The dataset now has 100 observations (counties) with 16 variables (including the special geometry column).

Of the 100 counties in NC there are 25 that are at least partly covered by the 50 mile buffer around Raleigh.

ggplot() +
  geom_sf(data = counties, aes(fill = close2raleigh)) +
  geom_sf(data = subset(points, name == "Raleigh"), pch = 4, color = "red") +
  geom_sf(data = buffer, fill = NA, color = "red") +
  scale_fill_viridis_d() +
  theme(legend.position = "bottom") +
  labs(fill = "Close to Raleigh?")

The “magic” part of merging the counties according to the value of close2raleigh column is straightforward – performing a dplyr::group_by() followed by dplyr::summarize().

In many cases it would be advantageous to perform some additional calculations, such as summarizing population or customer potential of the areas; in this example I have omitted this for the sake of clarity and focused on the merging operation only.

counties <- counties %>% 
  group_by(close2raleigh) %>% 
  summarise()

glimpse(counties)
## Observations: 2
## Variables: 2
## $ close2raleigh <chr> "No", "Yes"
## $ geometry      <GEOMETRY [US_survey_foot]> MULTIPOLYGON (((2739147 314.…

The merged dataset now has only two variables – the close2raleigh grouping variable, plus the special geometry column.
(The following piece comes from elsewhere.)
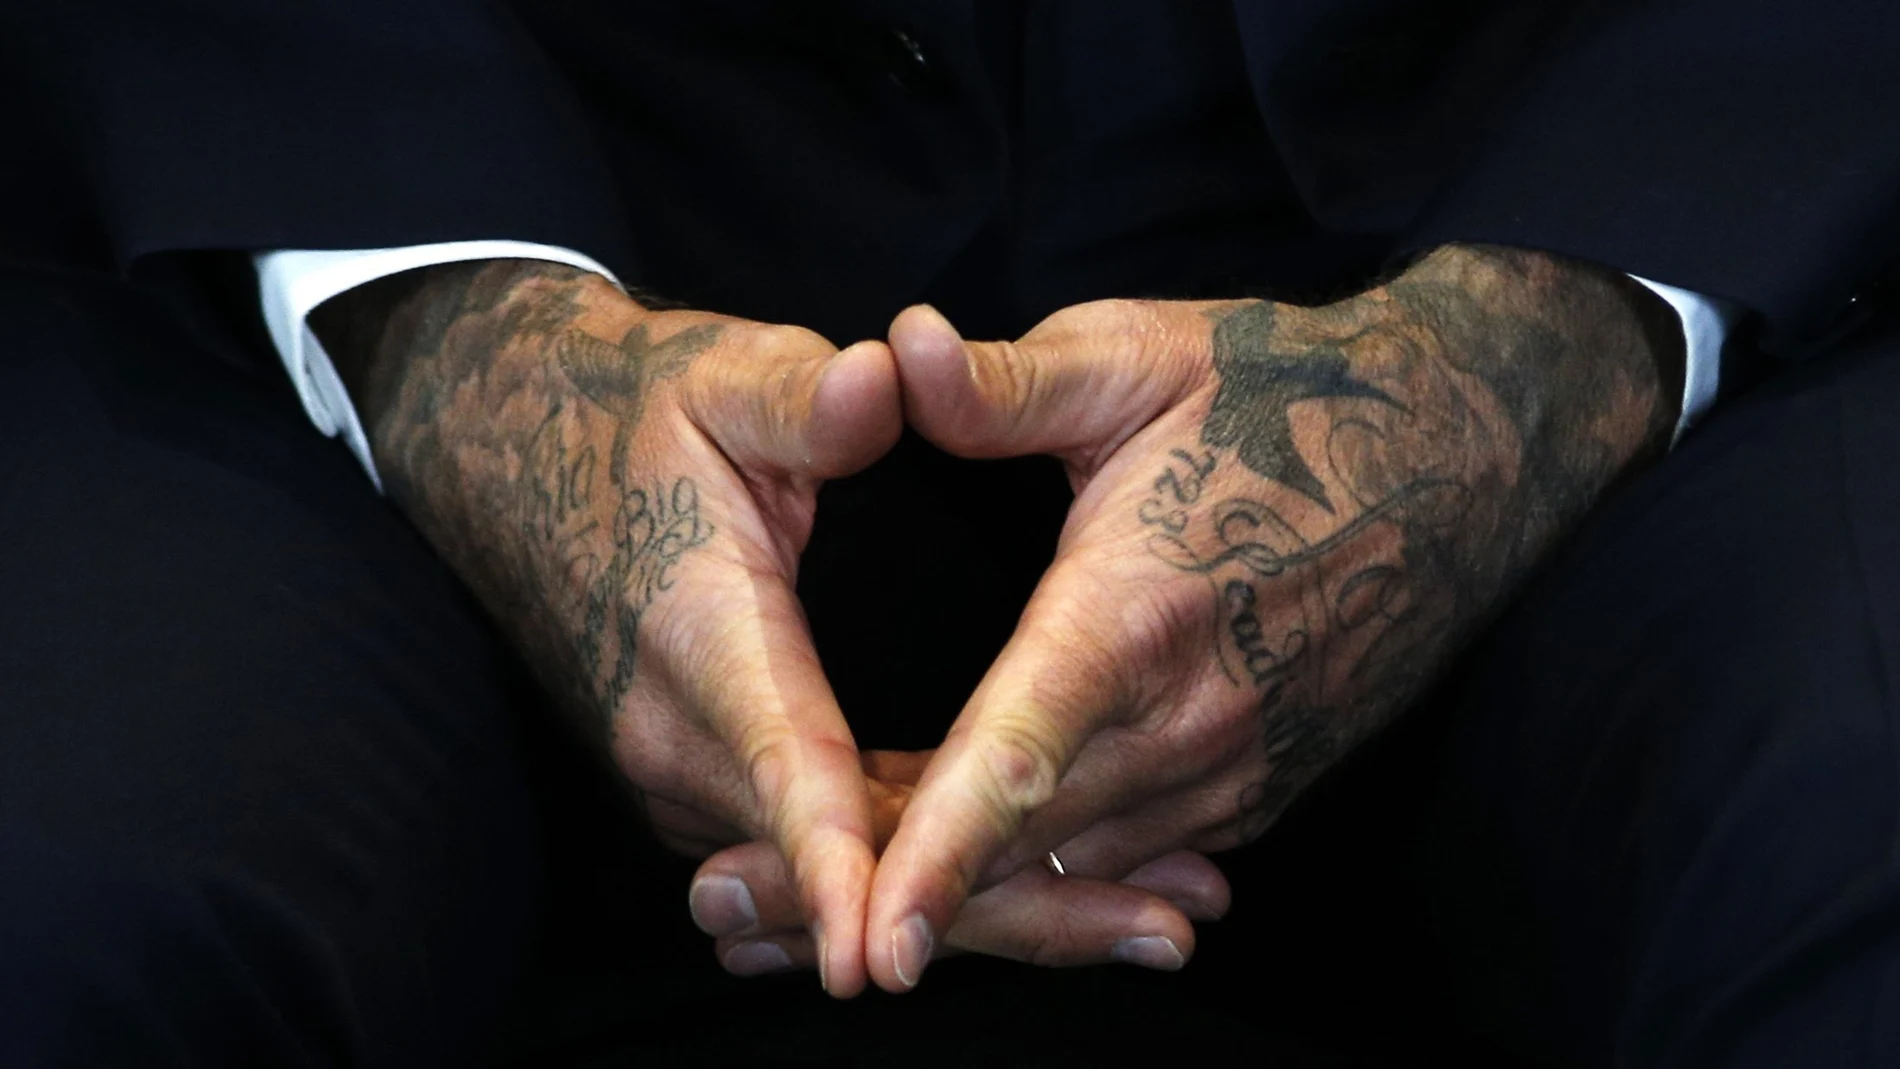 El tatuaje, antes un distintivo de presidiarios y criminales, marca hoy la identidad de millones de jóvenes y es un símbolo de prestigio

It has two observations, one for each “yes” and “no” value of close2raleigh.

ggplot() +
  geom_sf(data = counties, aes(fill = close2raleigh)) +
  geom_sf(data = subset(points, name == "Raleigh"), pch = 4, color = "red") +
  geom_sf(data = buffer, fill = NA, color = "red") +
  scale_fill_viridis_d() +
  theme(legend.position = "bottom") +
  labs(fill = "Close to Raleigh?")

A basic understanding of dplyr data manipulation is by now common. On the other hand the application of the dplyr verbs to spatial data science workflow is not that well discussed, and in my opinion an interesting simplification in a number of use cases.